• WHAT IS EXPECTED
Word for word, restate the lines from the one holding "Пассажирский терминал аэропорта" through the last line of the material below, and leave every picture out.

• STORED DATA

* * *

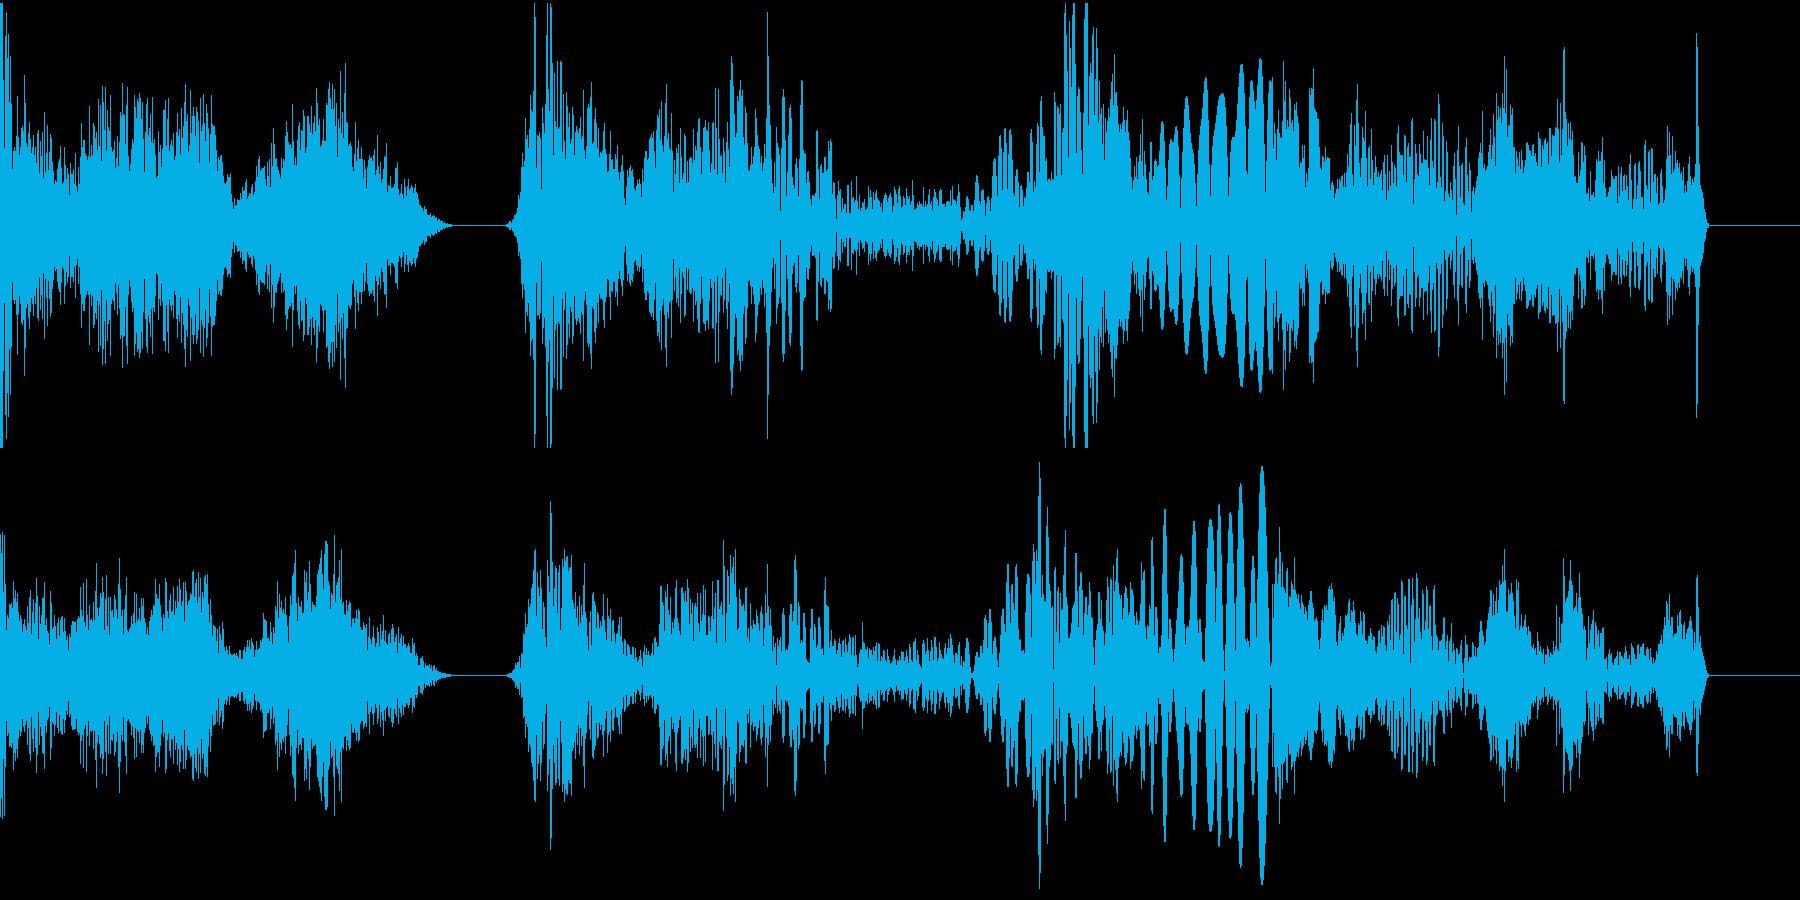 TVFX POPなザッピング音 5の再生済みの波形
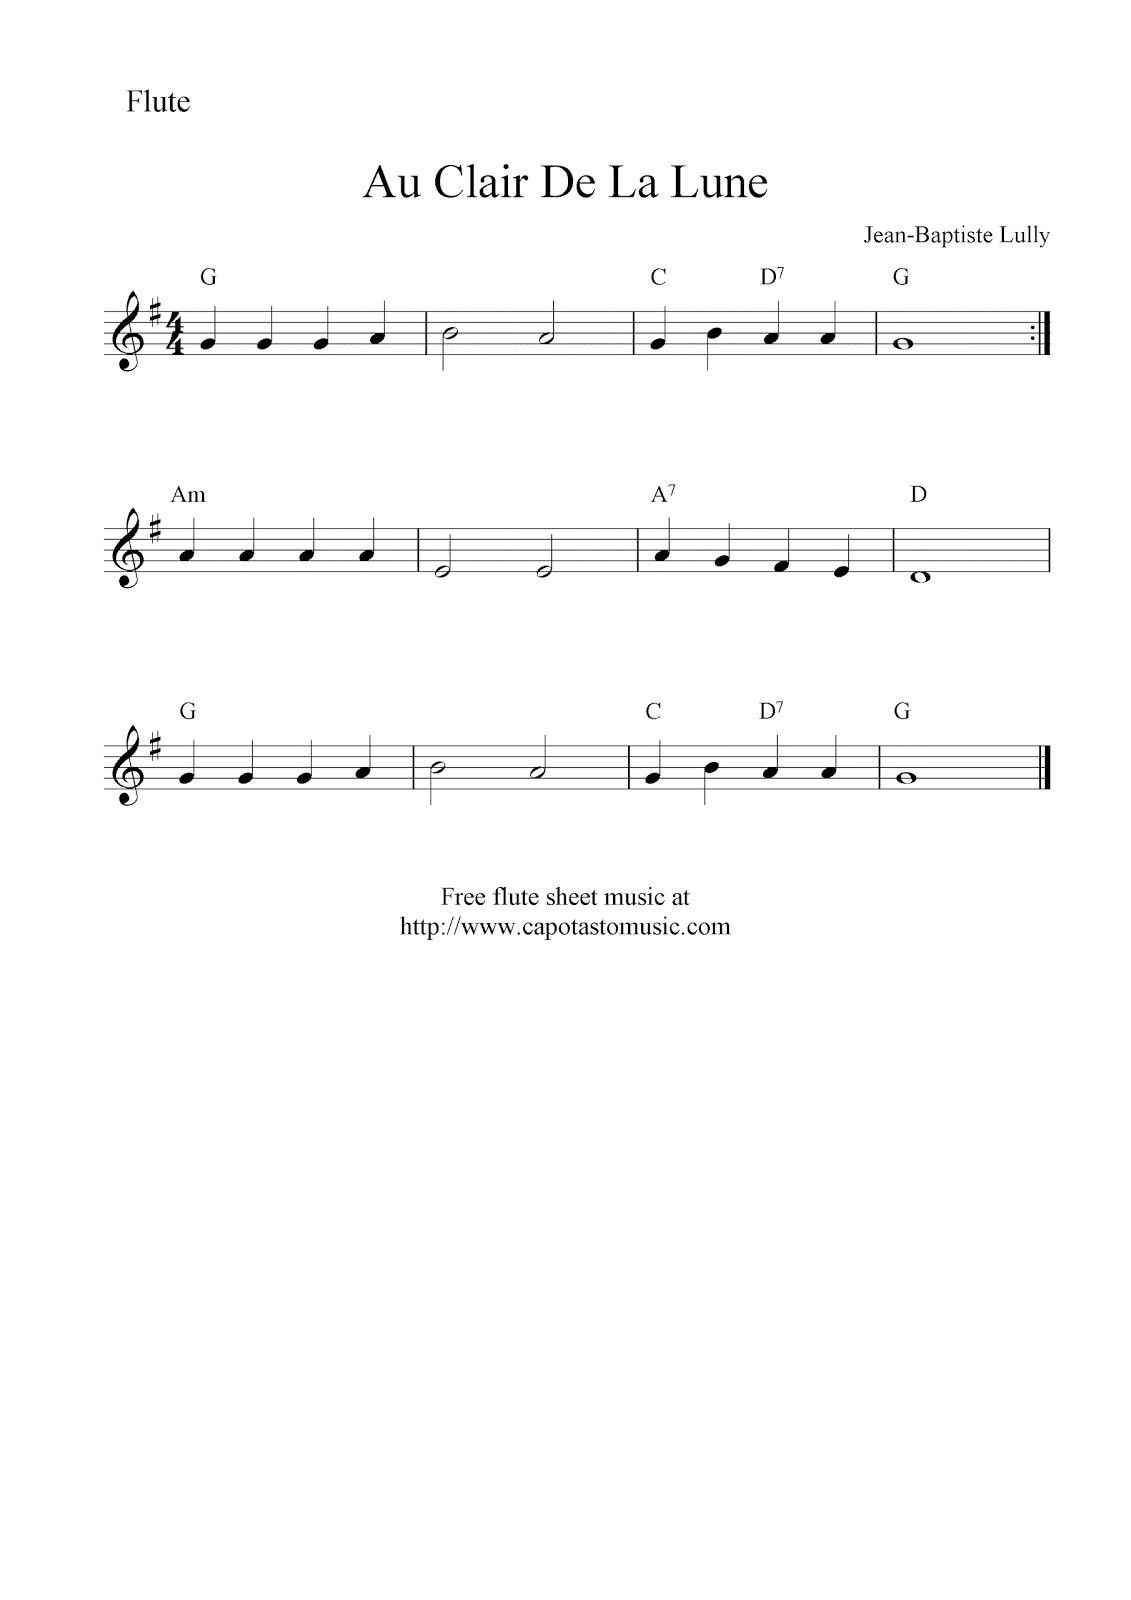 Au Clair De La Lune, Free Flute Sheet Music Notes - Free Printable Flute Music
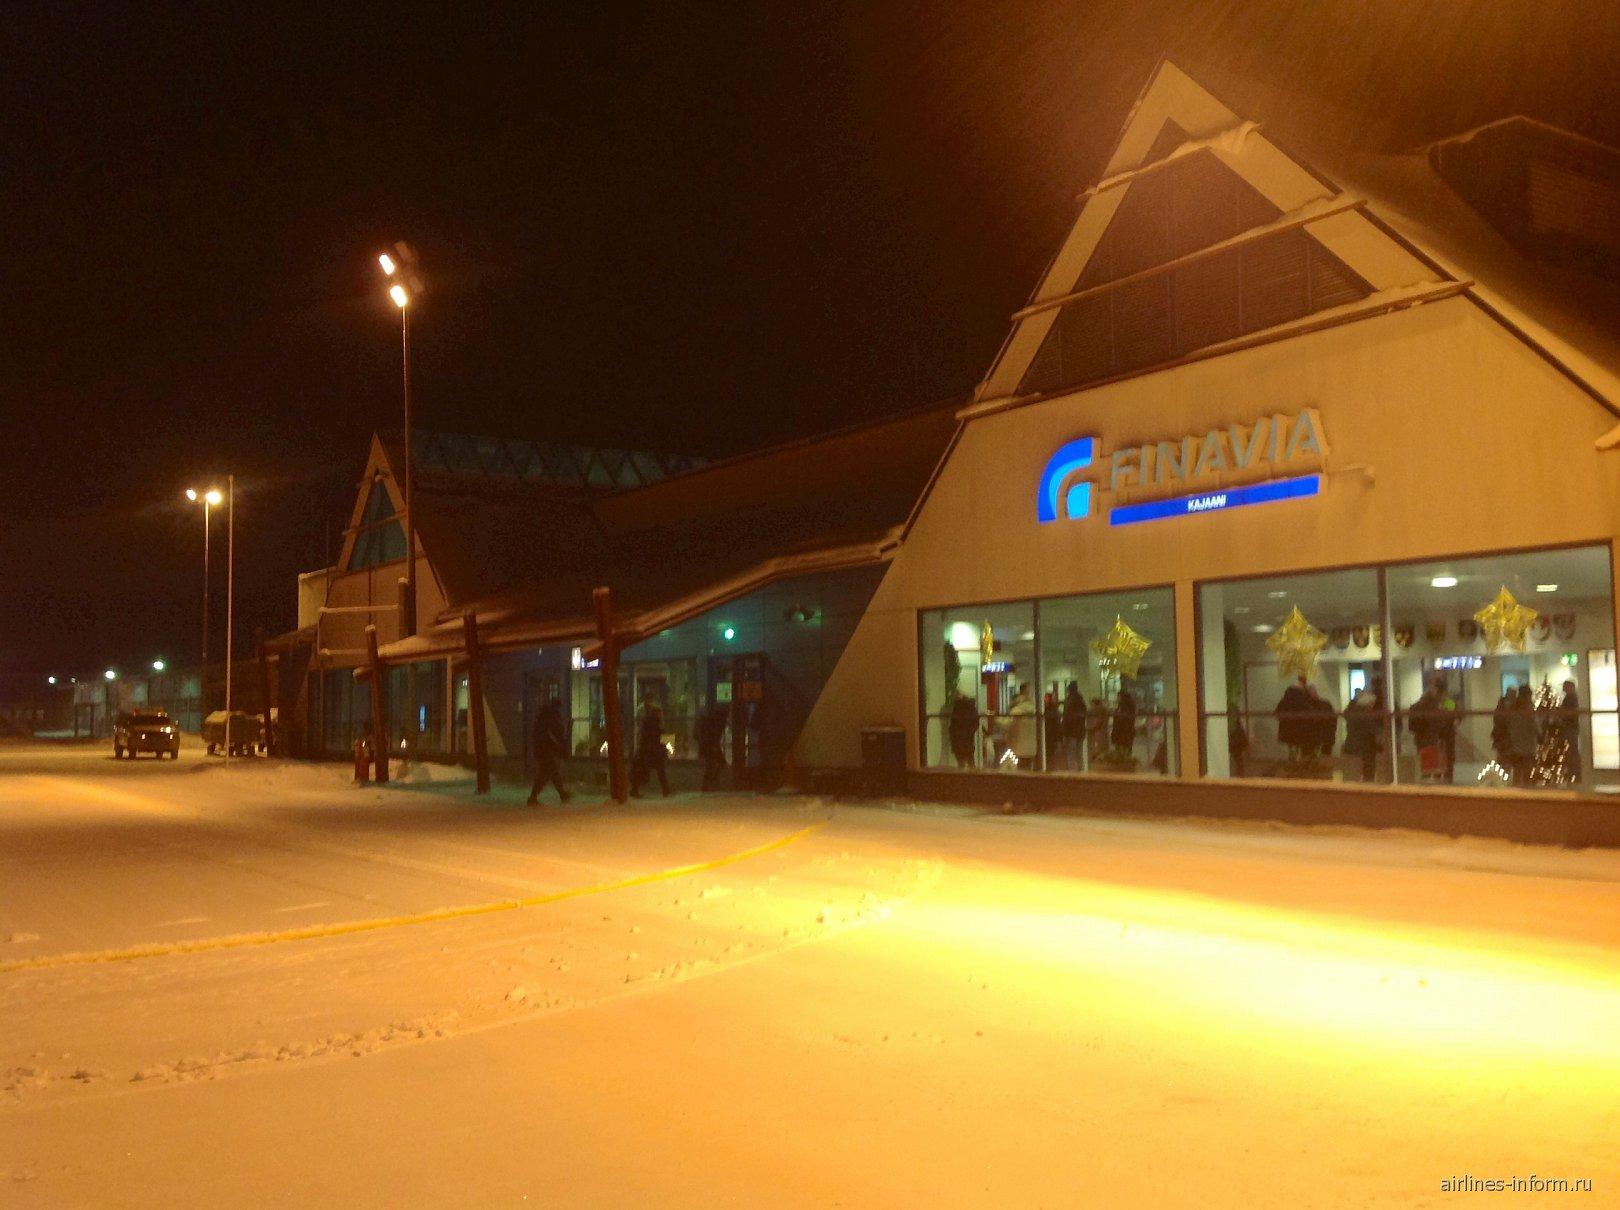 Пассажирский терминал аэропорта Каяни со стороны перрона
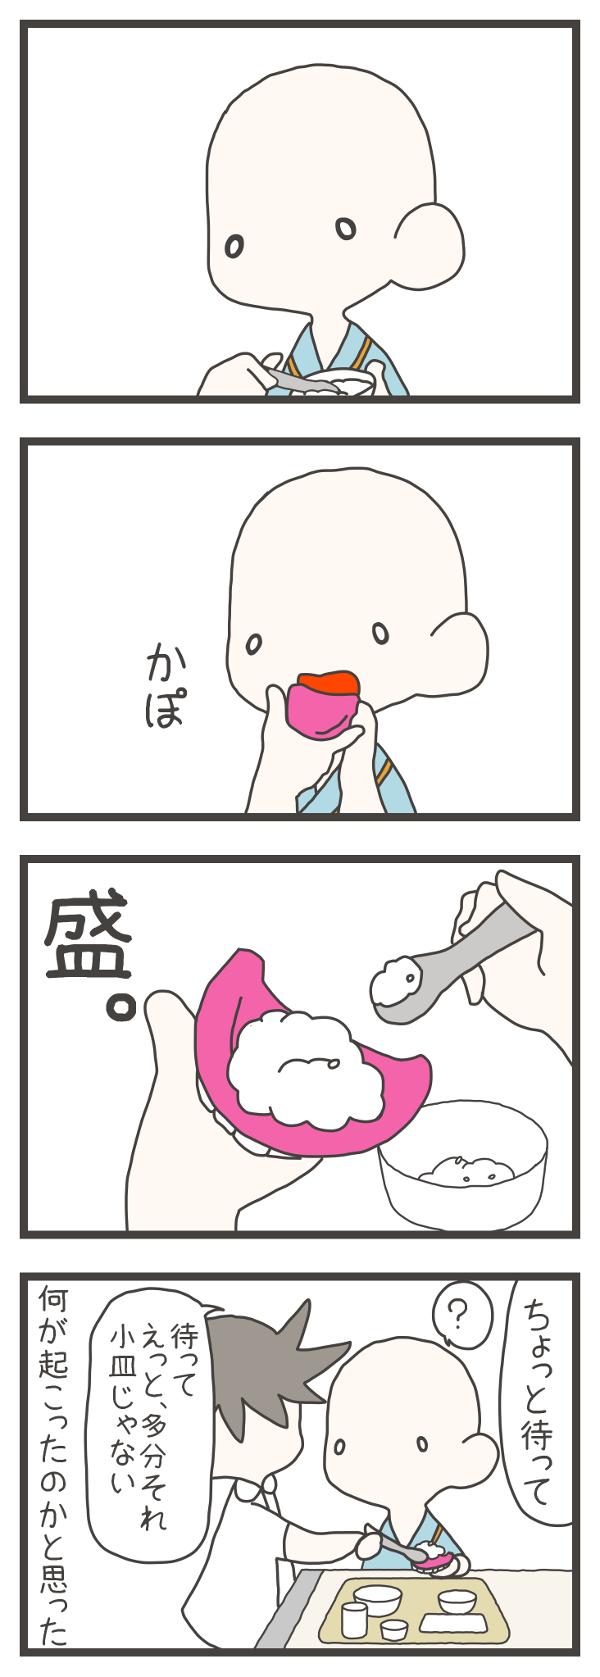 入れ歯の患者さんは、今食事をとっています。すると、突然入れ歯を外して、食事をのごはんを入れ歯に盛り始めました。「ちょっと待って。えっと、多分それ小皿じゃない。」と斬新な使い方に驚くナスさん。何が起こったかと思いました。

* * *

• TASK RESPONSE
 Пассажирский терминал аэропорта Каяни со стороны перрона
 入れ歯の患者さんは、今食事をとっています。すると、突然入れ歯を外して、食事をのごはんを入れ歯に盛り始めました。「ちょっと待って。えっと、多分それ小皿じゃない。」と斬新な使い方に驚くナスさん。何が起こったかと思いました。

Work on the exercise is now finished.